Mary McCartney has fondly recalled memories of growing up in Sussex. Mary was raised by Paul and mum Linda on the family’s farm in Peasmarsh, near Rye. The stunning 160-acre plot – dubbed Blossom Wood Farm – was purchased by Paul in 1973.
Speaking ahead of National Vegetarian Week, Mary said watching children try chive leaves and parsley reminded her of her idyllic childhood.
Mary said she regularly snaffled peas from the vegetable patch.
“I thought it was really naughty of me to go and take them off, pick them open and eat them because they tasted so sweet,” she told.
Mary also revealed her reasons for championing a meat-free life are both the animal rights issues, and the environmental damage caused by meat production.
“Originally it was because, as a family, we were very conscious of where our food came from – my mum was a great cook and I didn’t want to eat animals or have anything killed for me to eat it,” she said. “When you’re a little girl you’re thinking, ‘I’m not going to eat Bambi’. “The industry and the bad impact on the environment added another element to my strength of feeling. “You might think a burger looks good, but can you really eat it knowing how it got to your plate?”
Last year, Mary spent lockdown isolating with dad Paul in Sussex.
Paul, was due to embark on a series of European concerts in 2020 including a Saturday night performance on the Somerset festival’s Pyramid Stage.

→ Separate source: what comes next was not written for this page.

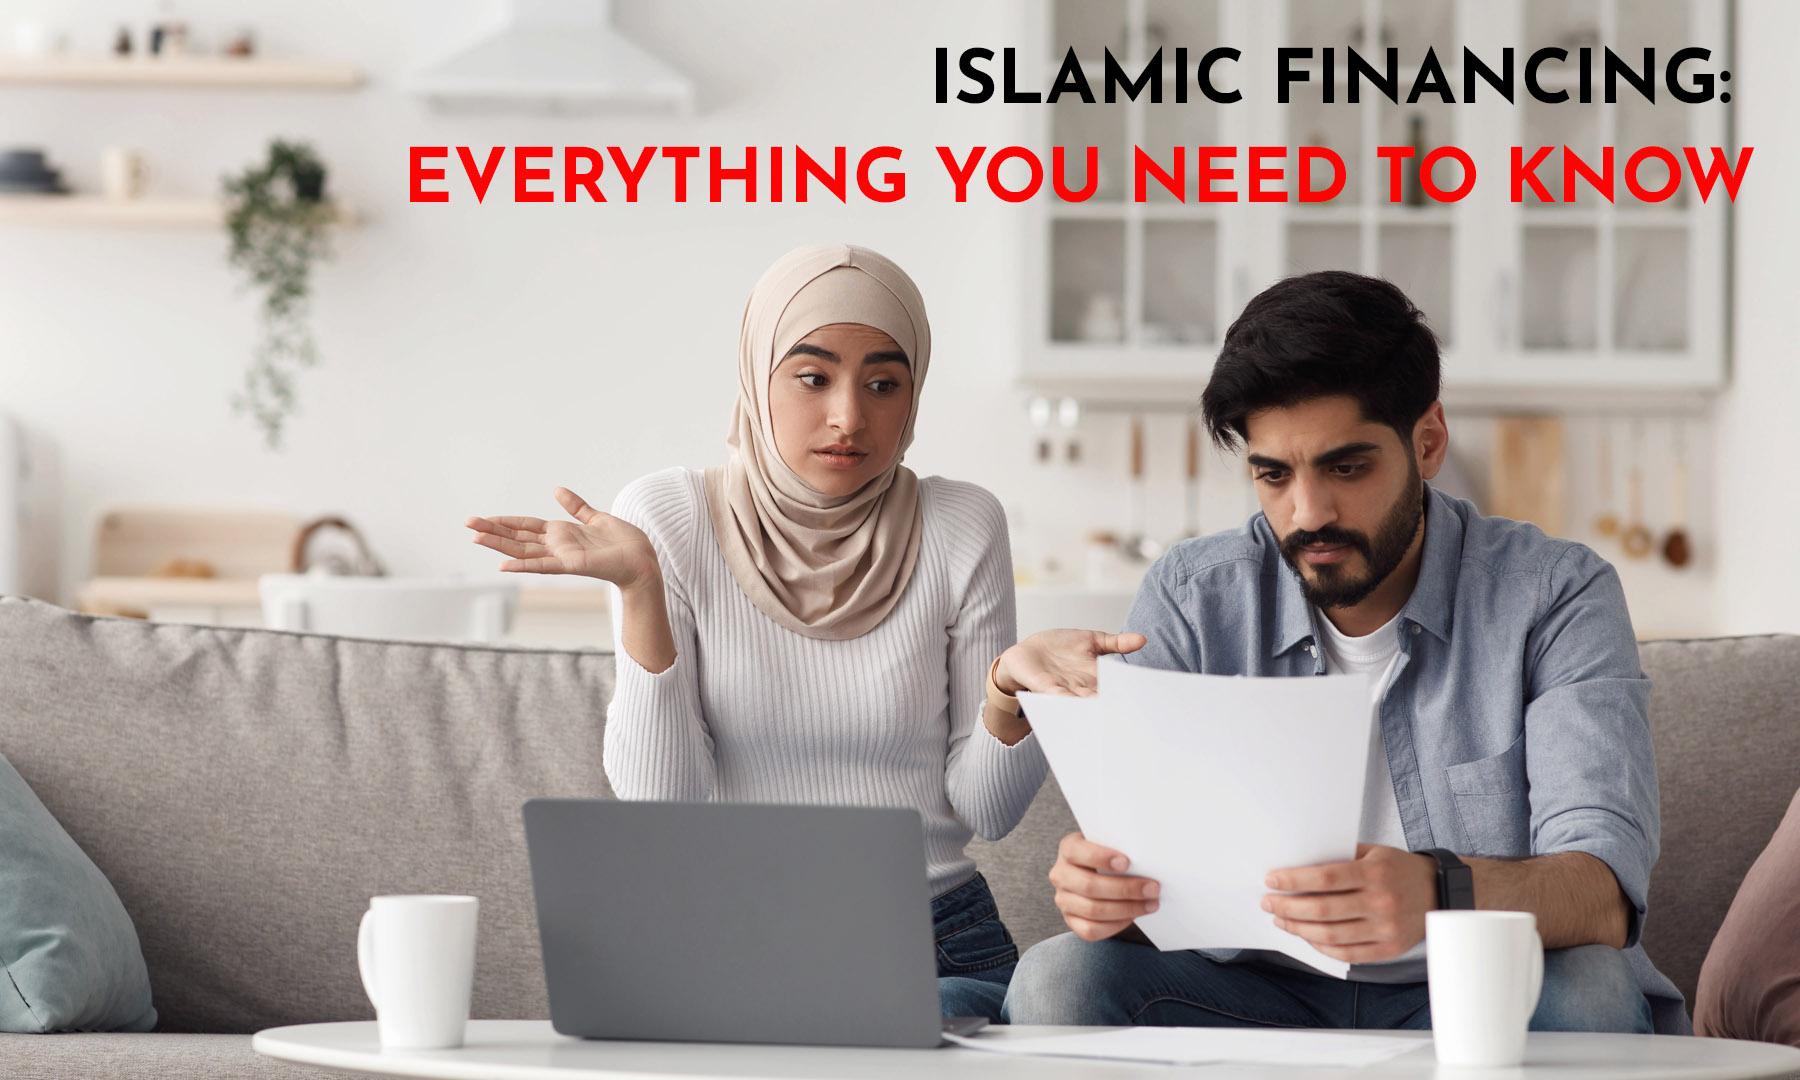 ISLAMIC FINANCING: EVERYTHING YOU NEED TO KNOW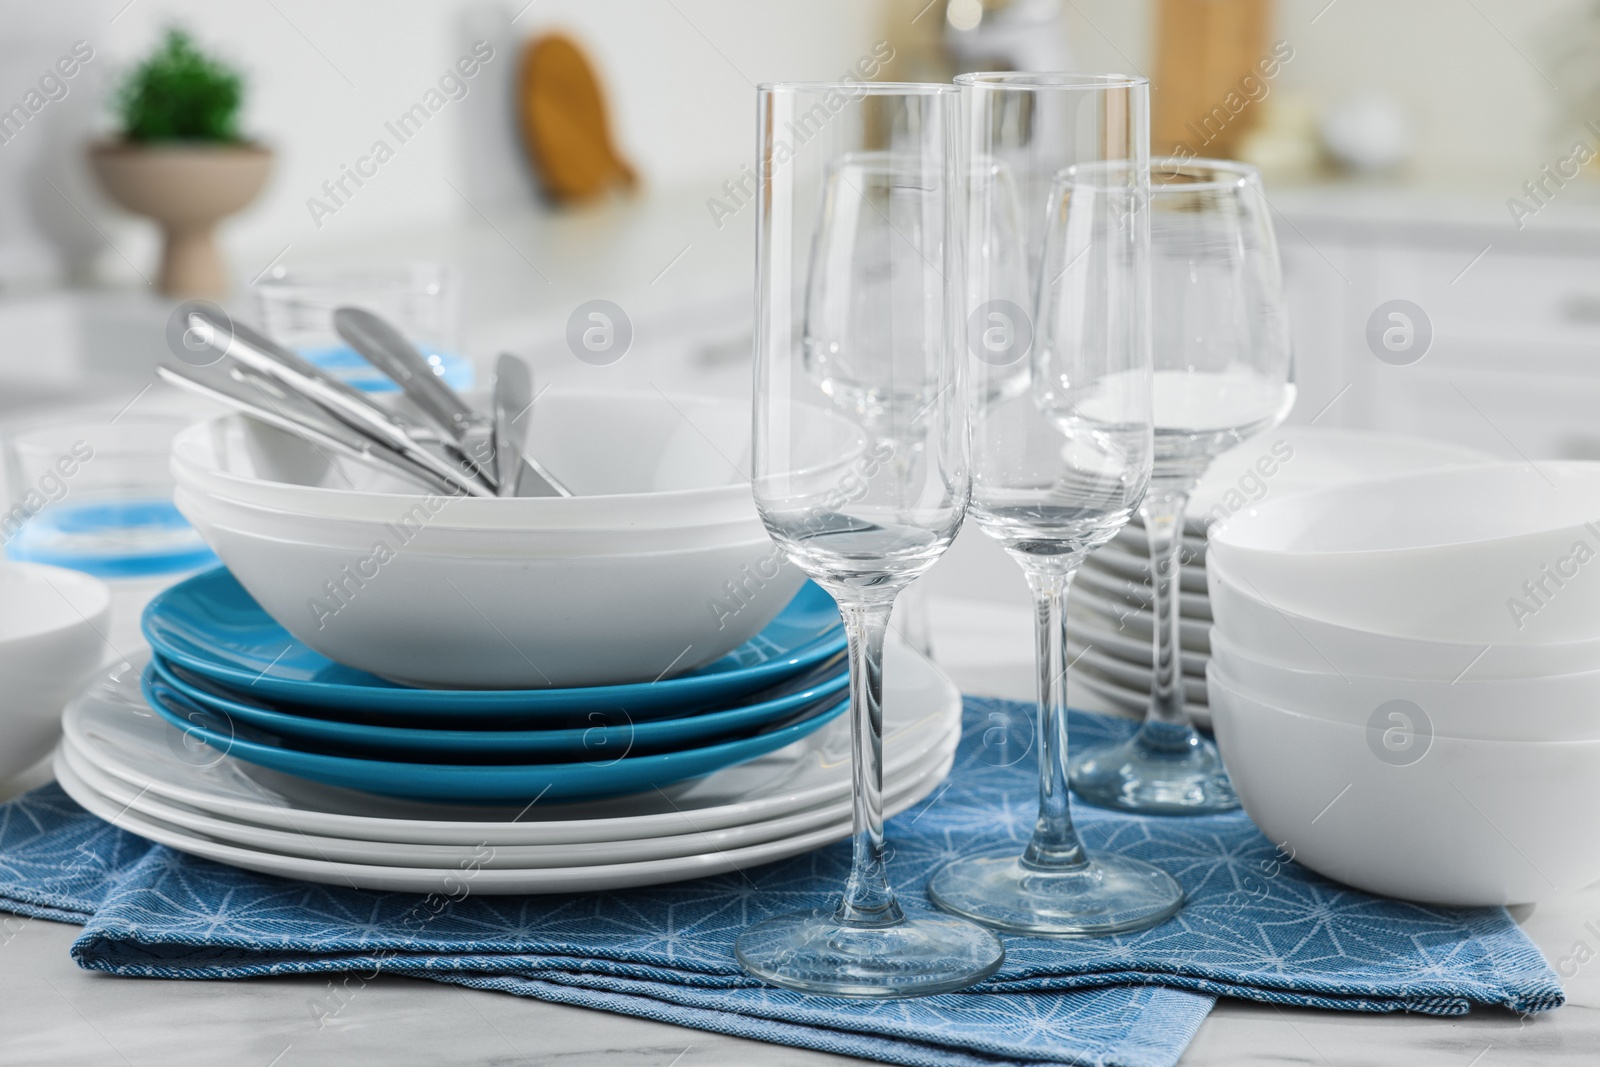 Photo of Different clean dishware, cutlery and glasses on white table in kitchen, closeup

Instead, he spent lockdown on his farm in East Sussex with his daughter Mary and four grandchildren, recording his solo album, McCartney III.
In December, Paul revealed he regularly speaks to George Harrison through a tree at the entrance to his home in Peasmarsh. He told American radio presenter Mary Louise Kelly that the tree was given to him by George shortly before his death in 2001 and his spirit now inhabits it. Paul said he it brings him “comfort” to know his spirit lives on within the giant fir.